I first came to you, back when you were Bombay. I was three or four, maybe five, and had been sent to stay with my aunt while my mother dealt with an illness and two babies. I hated you. I hated the fishy smell, the cramped high rise apartments, having to walk up the dingy 5th and 6th storey staircase because I couldn’t reach the 7th floor button in (on?) the lift, the barren playground with the incredibly high see-saws and most of all having to stay in a crèche while my aunt worked. I was too much of a scaredy-cat to enjoy Essel World and Fantasy Land, and I have no memory of ever having visited the beach.
The second time I visited Mumbai was on the way back from Goa with my college friends. I cried again (of course I cried the first time... I was four! Seven at the most), I silently curled up on the couch of a second class waiting room and cried. I was physically tired and emotionally exhausted from my week in Goa. The night spent travelling in the general compartment from Goa to Bombay (we didn't try booking bus tickets until an hour after the last possible minute, by which time there were no tickets available, instead we had to race to a station one hour away in 45 minutes time to catch a train for which we could get only tickets in the general compartment) had been the straw that broke the camel’s back. We were a bunch of spoilt rich kids refusing to shift, refusing to squeeze in, refusing to adjust in a compartment where everyone else was cooperating trying to make an uncomfortable journey slightly more bearable for everyone. If you can’t travel general, can afford not to travel by general, don’t try and travel general. It hurts the others more than it hurts you. Also, and this is harder to admit, my hair was in a horrid state, it was all frizzy and unmanageable, and looked like an afro gone wrong. I am incredibly vain and self-conscious about my hair, It was the hair that broke my back.

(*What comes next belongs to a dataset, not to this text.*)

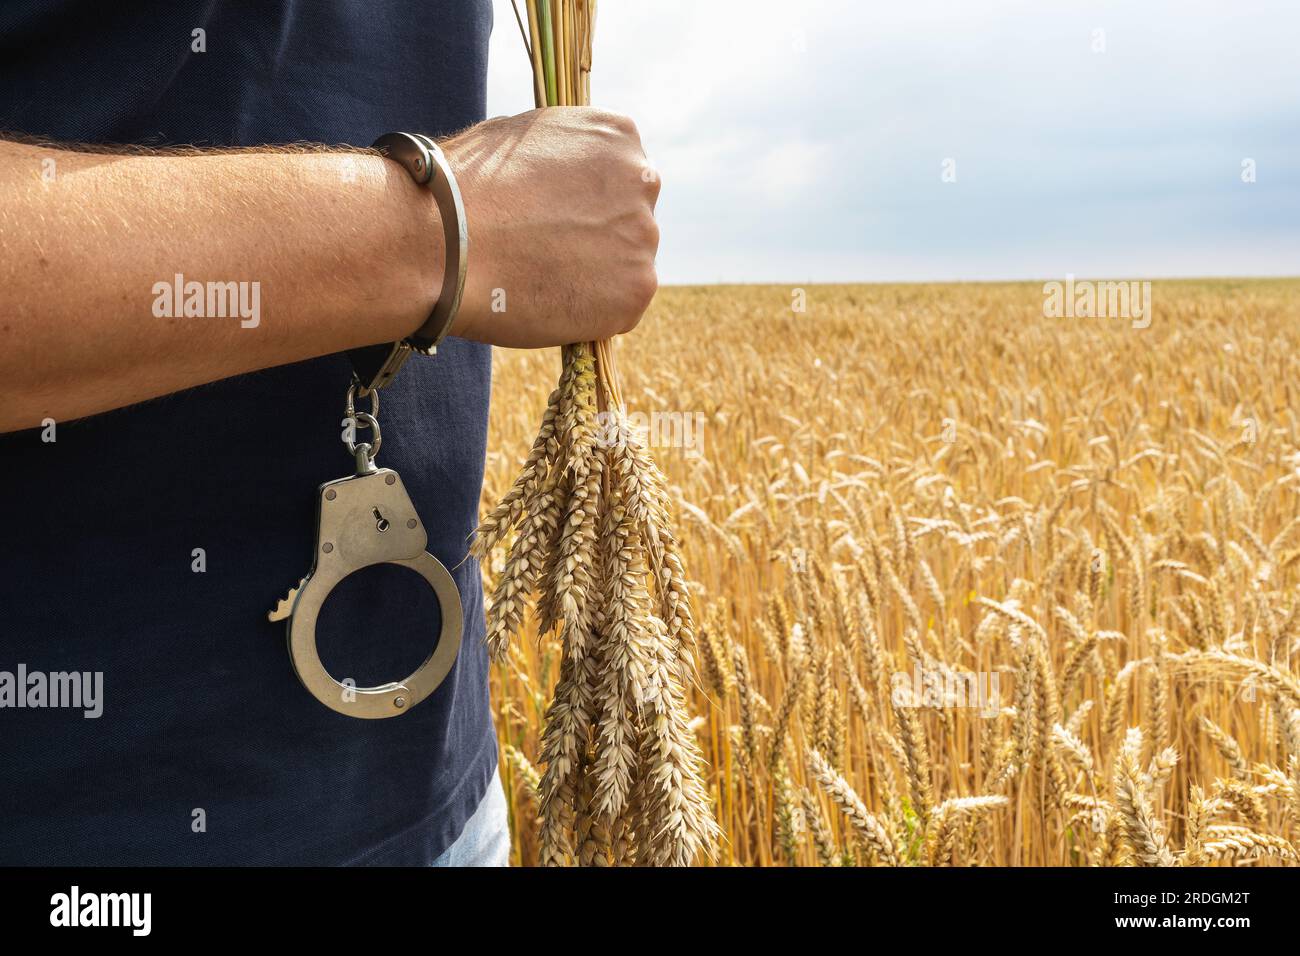 Handschellen an der Hand eines Mannes mit gerupften Stacheln Weizen, ein Konzept zum Thema Bestrafung für verdorbene Getreidepflanzen Stockfoto
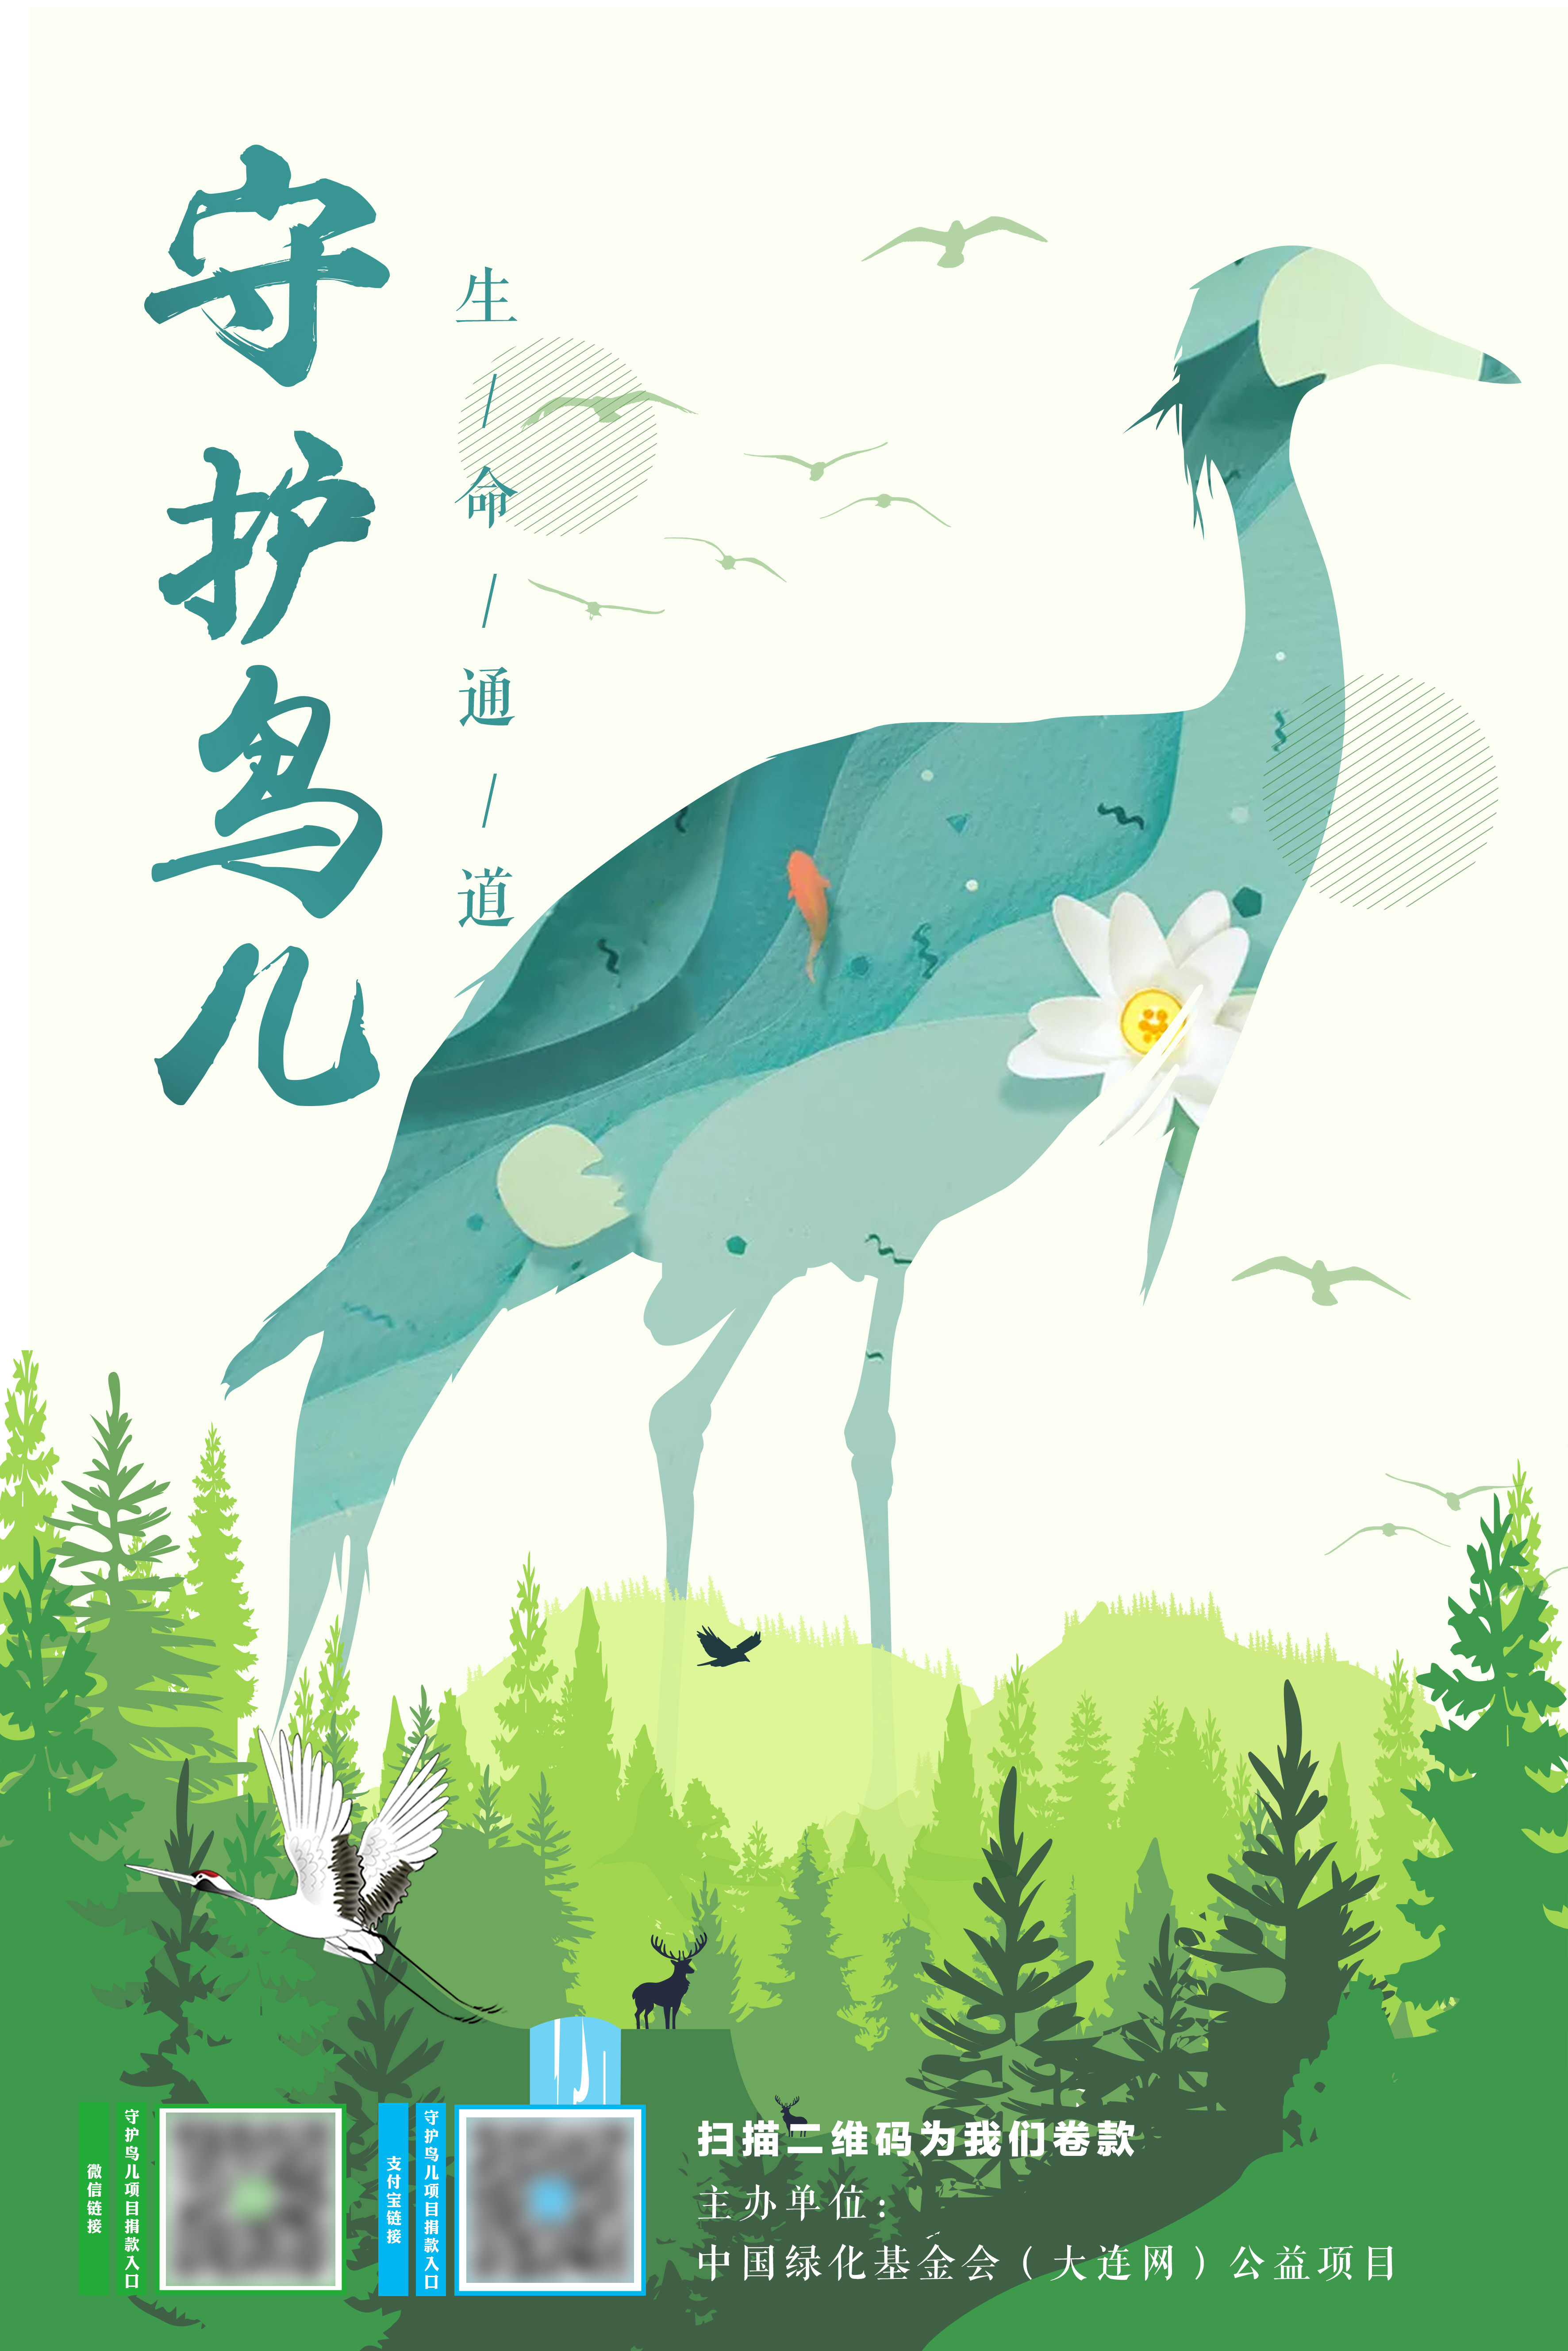 中国绿化基金会,守护鸟儿,保护鸟类,公益海报

And so here I am in Bombay again. It still smells fishy, it’s filled with even more high rises, but I can press the 7th floor button on any lift and that helps. I love that the autos and taxis go by the meter, and I have a crick in my neck from looking up and down at all the buildings (the fountain area reminds me of London). There’s lots more that I want to see and much that I want to begin doing. Until then I like you Bombay, I’m reserving love for when I get to know you better.
Update: My mother tells me I was five when I was packed off to Bombay. I eventually cried my way out of the crèche and accompanied my aunt to work instead, there I would sit quietly, doing heaven only knows what.